Viel weniger als bisher gedacht Jeder bekommt Mutationen
14.06.2011, 09:30 Uhr
(Foto: picture alliance / dpa)
Bisher rechneten Forscher damit, dass jedes Kind bis zu 200 neue Mutationen von seinen Eltern vererbt bekommt. In einer neuen Untersuchung können Wissenschaftler feststellen, dass es wesentlich weniger sind - nämlich durchschnittlich 30 vom Vater und 30 von der Mutter.
Jeder Mensch erhält im Durchschnitt etwa 60 neue Mutation von seinen Eltern – je 30 von Vater und Mutter. Diese Zahl haben britische und kanadische Genetiker erstmals aus den Gendaten zweier Familien mit Vater, Mutter und jeweils einem Kind herausgelesen. Es sei die erste Studie, die die Zahl der Mutationen direkt gemessen habe, teilen die beiden Forschergruppen mit. Die Untersuchung erscheint im Journal "Nature Genetics".

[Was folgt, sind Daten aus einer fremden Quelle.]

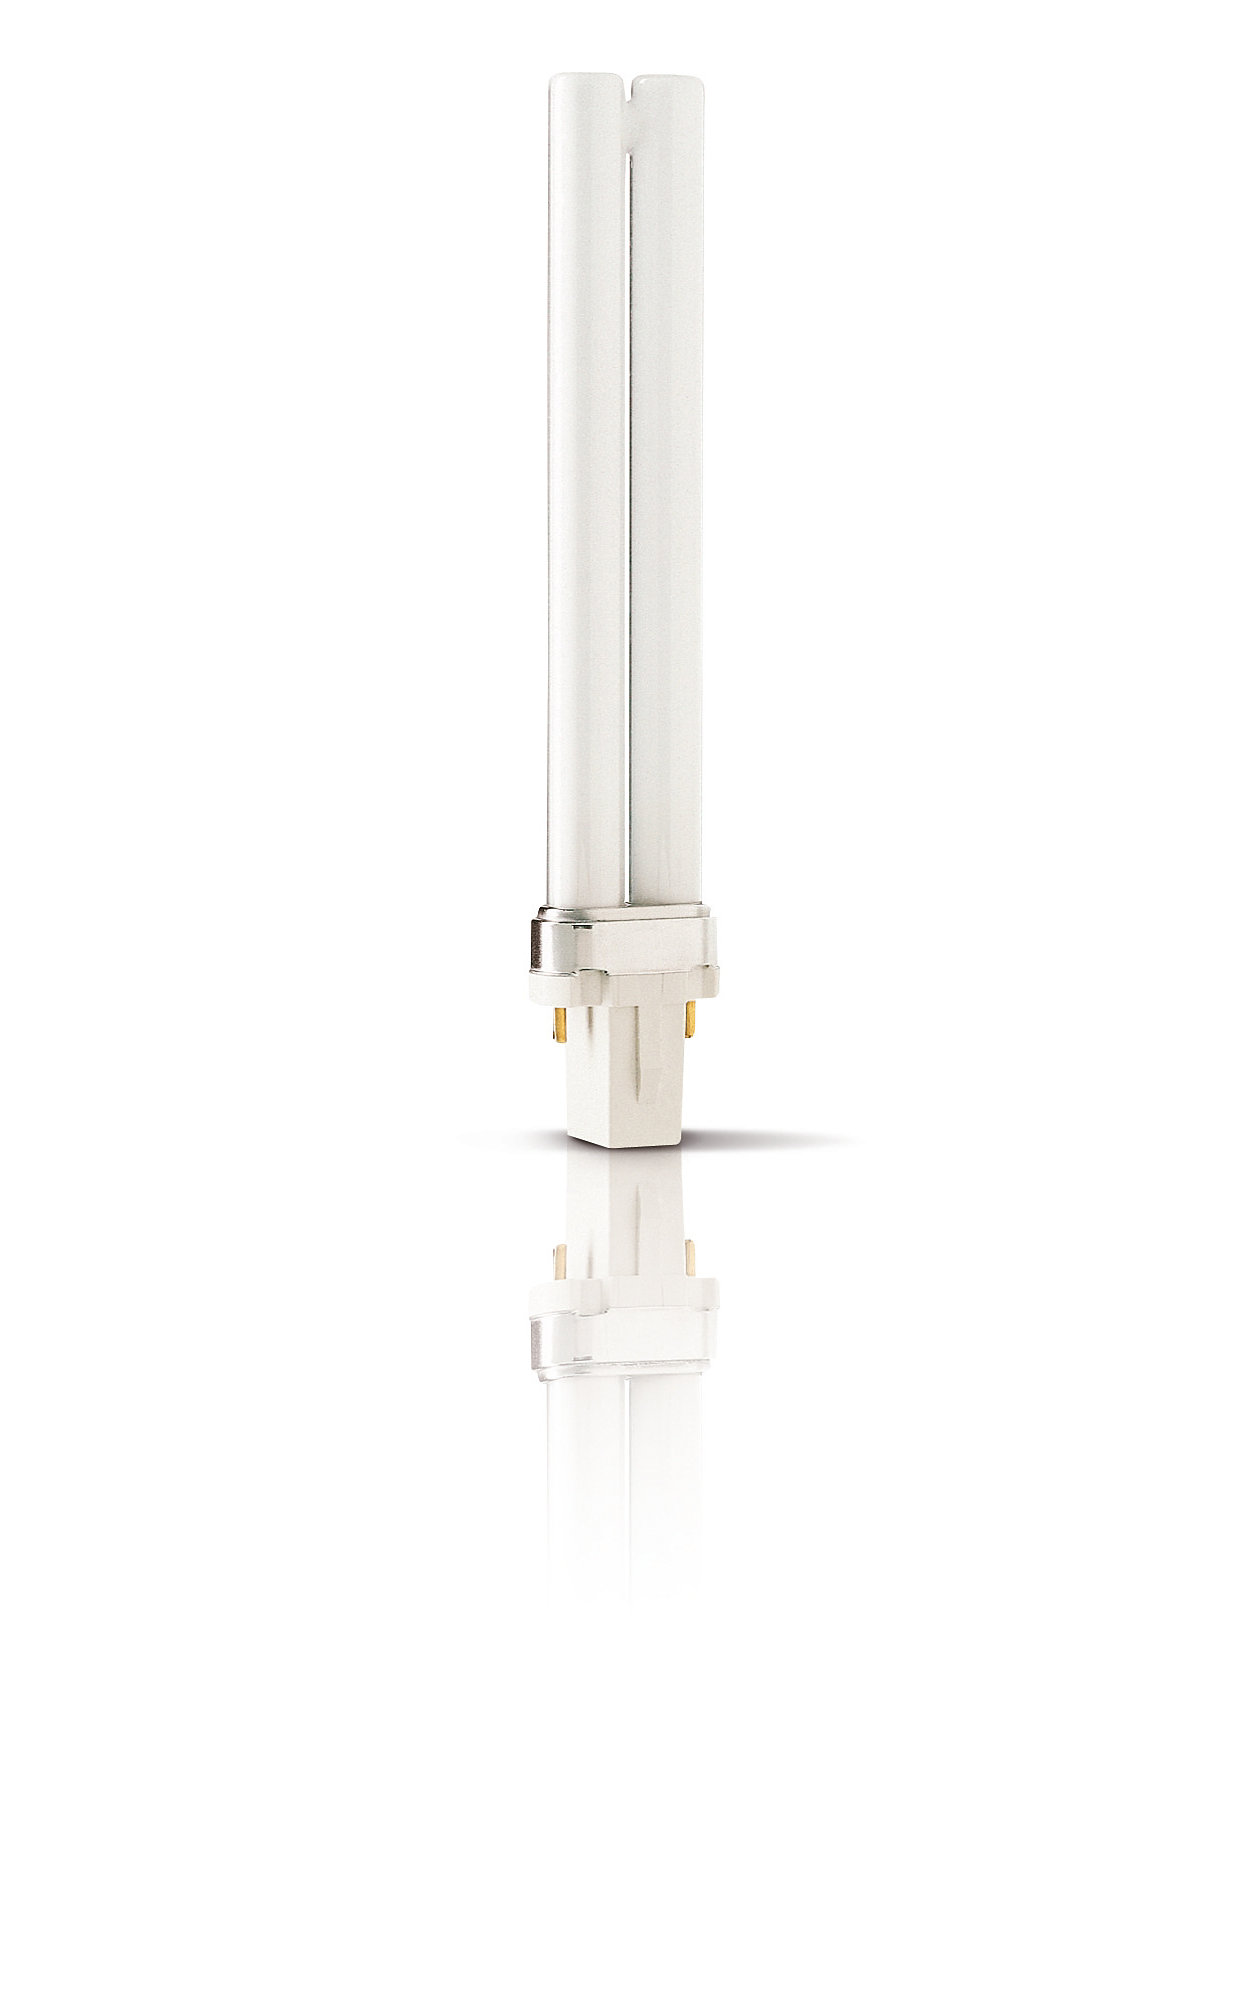 UVB Narrowband PL-L/PL-S – максимально эффективная лампа для фототерапии представляет собой удобное дизайнерское решение

Das Team um Matt Hurles vom Wellcome Sanger Institute im britischen Hinxton stützt sich auf die Daten des 1000-Genom-Projektes, das die komplette Erbsubstanz von 1000 Menschen liest und Wissenschaftlern zur Verfügung stellt. Unter den Probanden sind auch Familien. Der Vergleich dieser Informationen soll unter anderem die feinen, aber folgenreichen Varianten im Erbgut aufdecken. Unter neuen Mutationen verstehen die Forscher solche, die in der Eizelle oder den Spermien entstehen und damit neu an die Nachkommen weitergegeben werden.

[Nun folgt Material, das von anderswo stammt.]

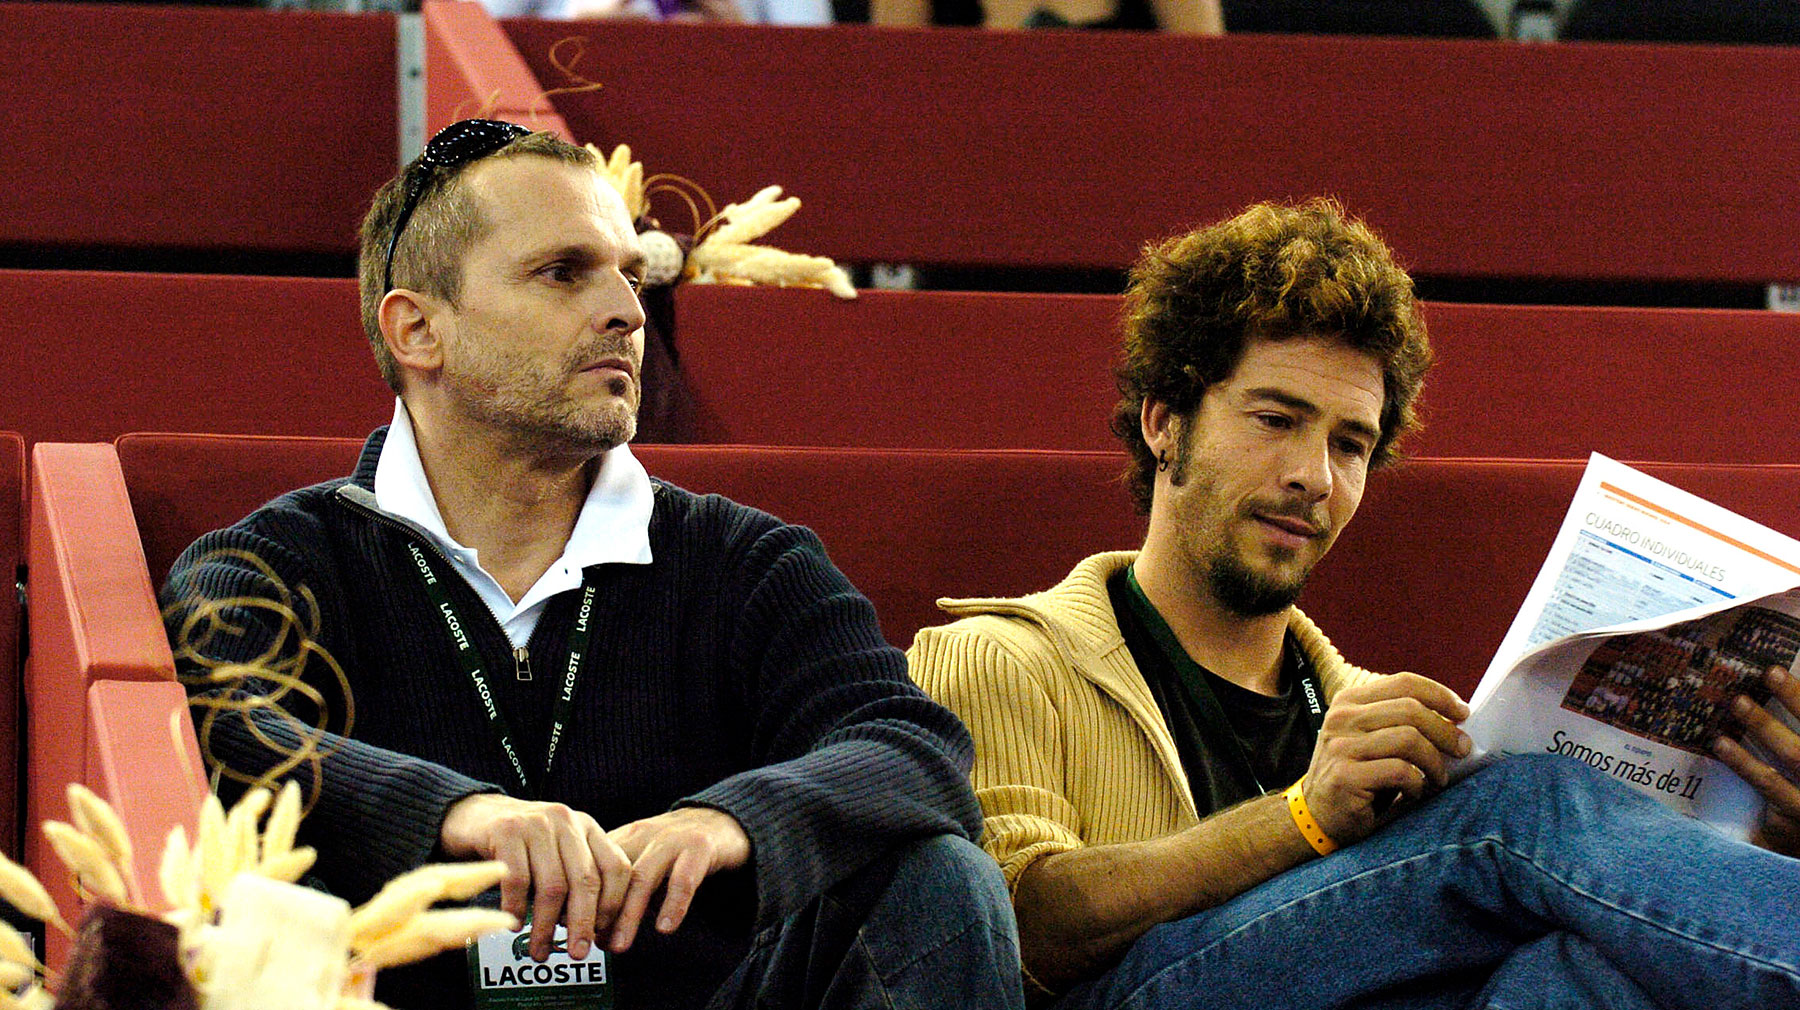 Miguel Bosé y Nacho Palau, en el tenis. / Gtres

Evolution wahrscheinlich viel langsamer
Bislang gingen Wissenschaftler davon aus, dass es bei der Weitergabe der Erbinformation an die Kinder zu 100 bis 200 Mutationen kommt. Die neuen Zahlen sind deutlich niedriger. Daher werden die Forscher nun unter anderem die Zahl der Generationen neu kalkulieren, die uns von den Affen trennt, erklärte die beteiligte Universität Montreal mit: "Die Evolution trägt sich ein Drittel langsamer zu als angenommen", hieß es beim kanadischen Co-Autor Philip Awadalla.
Das 1000-Genom-Projekt lieferte die Abfolge der rund 3,2 Milliarden genetischen Bausteine eines jeden Familienmitgliedes. Computerprogramme filtern bei der Analyse jene Bausteine heraus, die bei den Kindern neu vorkommen.
Das Team hatte unter anderem erwartet, dass die Mehrzahl der Mutationen vom Vater weitergegeben wird. Denn: Zu Mutationen kommt es vor allem bei Zellteilungen, und diese sind vor allem bei der Produktion hunderter Millionen Spermien häufig. Unbefruchtete weibliche Eizellen teilen sich im Körper hingegen nicht. Die Ergebnisse überraschten: In einem Fall kamen zwar 92 Prozent der Mutationen vom Vater, im zweiten waren es nur 36 Prozent. Mit dem nun beschriebenen Verfahren lassen sich weitere Familien untersuchen, um statistisch besser gesicherte Daten zu gewinnen.